The following tags are permitted by Safe HTML:
a b base big blockquote body br caption cite code dd del div dl dt em h1 h2 h3 h4 h5 h6 head hr html i img ins kbd li meta ol p pre q small span strong sub sup table tbody td th title tr tt u ul
Version 1.3.9 also permits:
area map
These tags and anything they contain are removed:
script object embed applet
Any other tags are removed, although their content will remain. This means that the following tags, although legal HTML will be removed by safe HTML:
abbr acronym address area basefont bdo button center dfn dir fieldset font form iframe input isindex label map menu noframes noscript s samp select strike textarea var
Attributes starting with 'javascript:' are also removed.
Disabling Safe HTML
This section has been removed. Versions prior to 1.3.9 could not reliably delete a transform so the instructions which were given here wouldn't work reliably (if at all). Upgrade and disable it through the configuration screen (.../portal_transforms/safe_html/manage_main) instead.

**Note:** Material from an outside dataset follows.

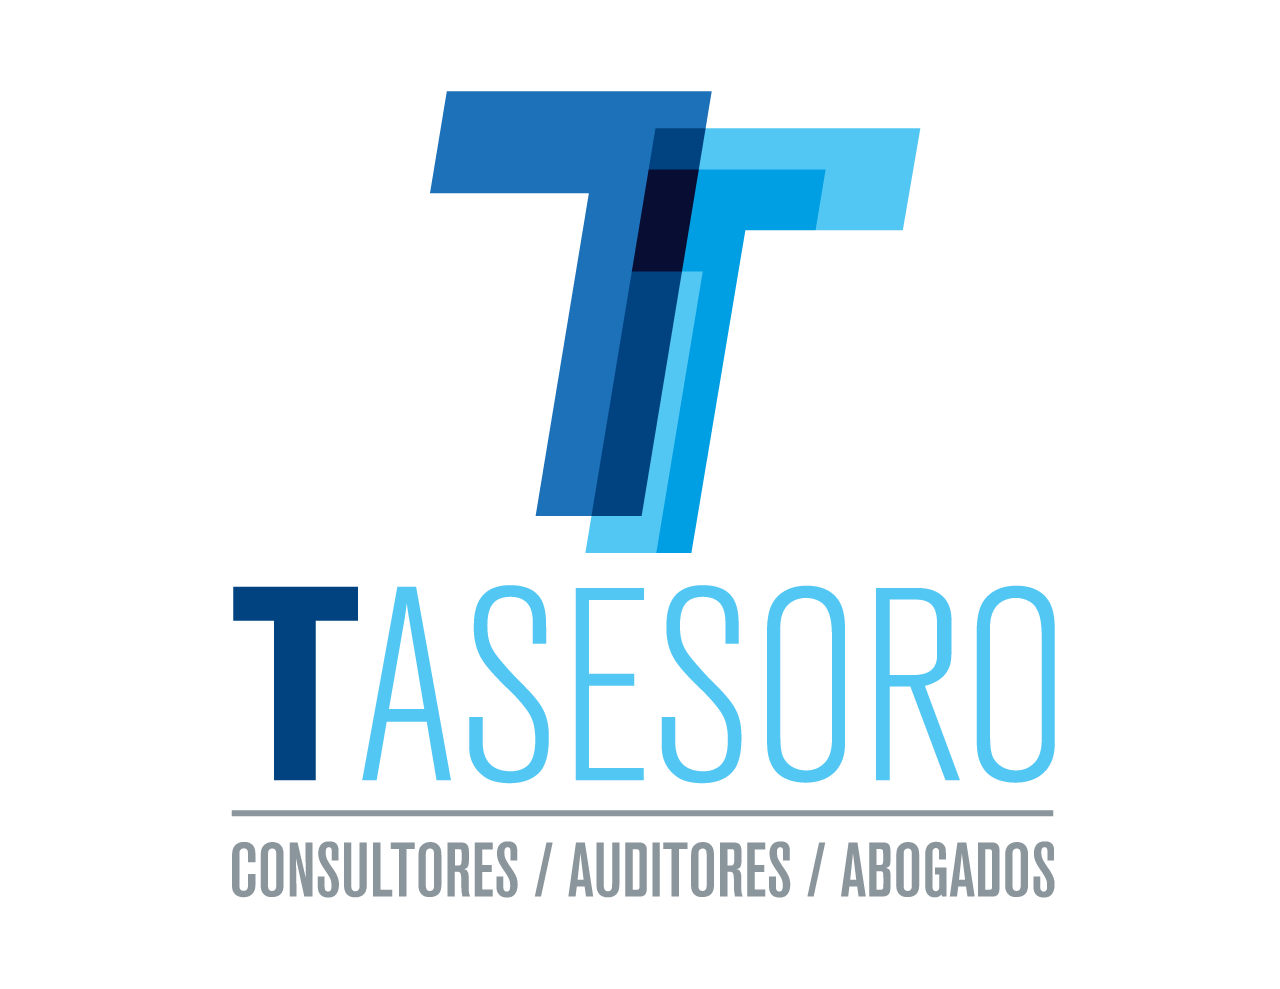 TASESORO
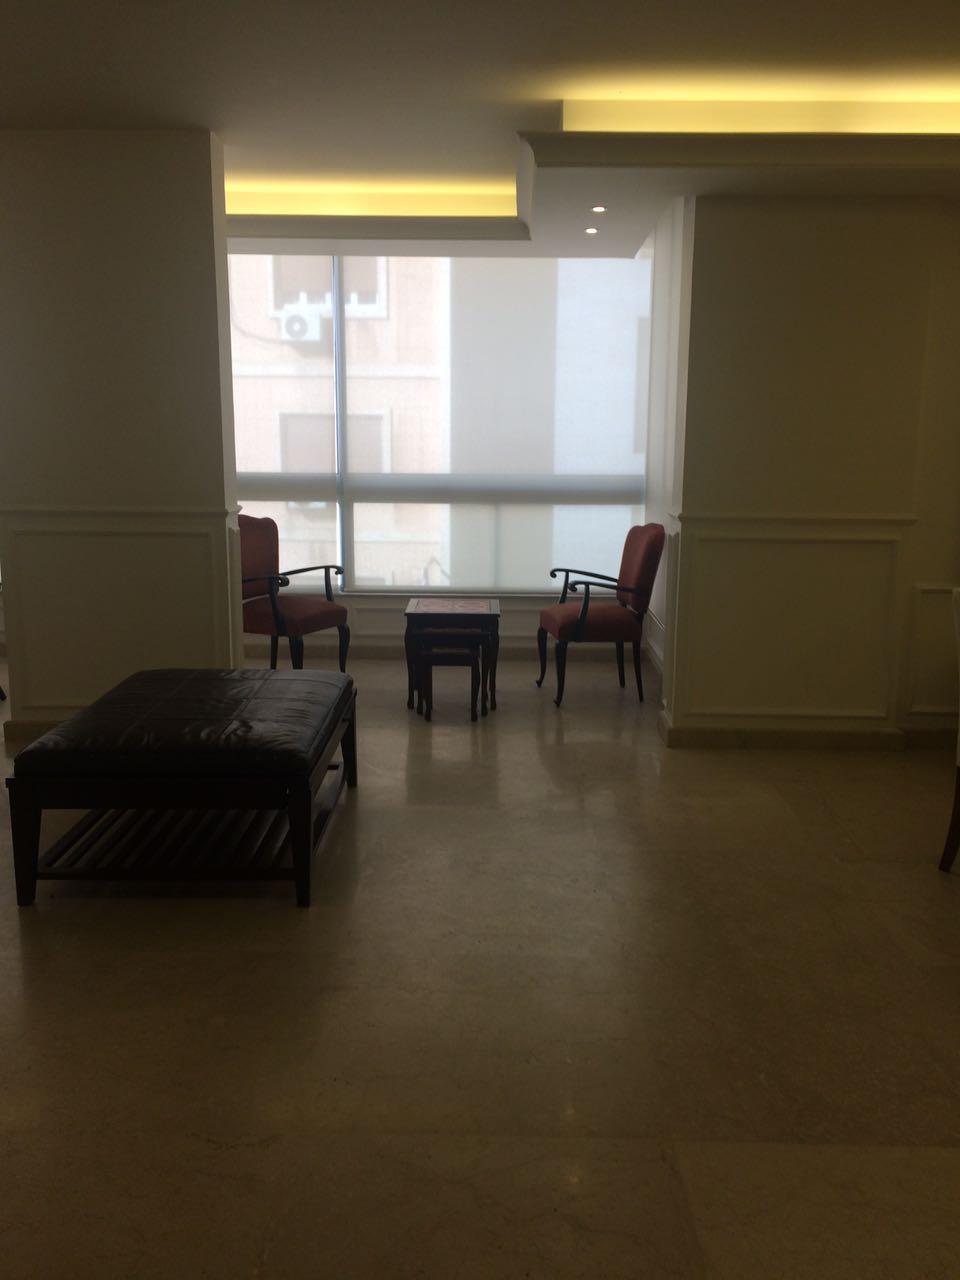 Apartment for sale in verdun beirut lebanon, buy sell properties in verdun beirut lebanon, real estate in lebanon

Do this only if you trust everyone who can create content for your site, as you are leaving it wide open for scripting attacks.
Alternatives to disabling Safe HTML
Another solution is to decide what javascript you want to permit, and attach it to tags based on the html. For example, Plone's applies clickable column headings to any table with the class 'listing' when the page loads. Adding additional behaviour this way allows end users to use javascript in a controlled manner.
Event Attributes
Found this while searching on how to enable event attributes. If you wish to enable event attributes such as "onclick" as stated above, here is how you do it.
From Duncan Booth's original message:
The reason [event attrobutes] are filtered out is simply that allowing end users to set events in the html they create is a big security threat, so in general blocking all events makes sense.
If you are happy to customise your copy of kupucontentfilters.js, then around line 280 you should find the event attributes:
// All event attributes are here but commented out so we don't
// have to remove them later.
this.events = []; //
onclick|ondblclick|onmousedown|onmouseup|onmouseover|onmousemove|onmouseou
t|onkeypress|onkeydown|onkeyup.split(|);
this.focusevents = []; // [onfocus,'onblur']
this.loadevents = []; // [onload, 'onunload']
this.formevents = []; // [onsubmit,'onreset']
this.inputevents = [] ; // [onselect, 'onchange']
For these lines, simply deleting "[] ; // " should be sufficient to add the events back in to the attribute tables. You should then be able to control the events in the same way as other attributes.
reload the transforms
/portal_transforms/manage_reloadAllTransforms
PHP-based Filter
bioinformatics.org/phplabware/internal_utilities/htmLawed
The htmlawed filter is almost perfect for me.
CMF filters tags also
I was asked in comments to add a link to this How-to from my FAQ which explains tag filtering in the CMF:
http://plone.org/documentation/faq/tags-filtered
Maybe a link from this How-to back to my FAQ would complete the loop?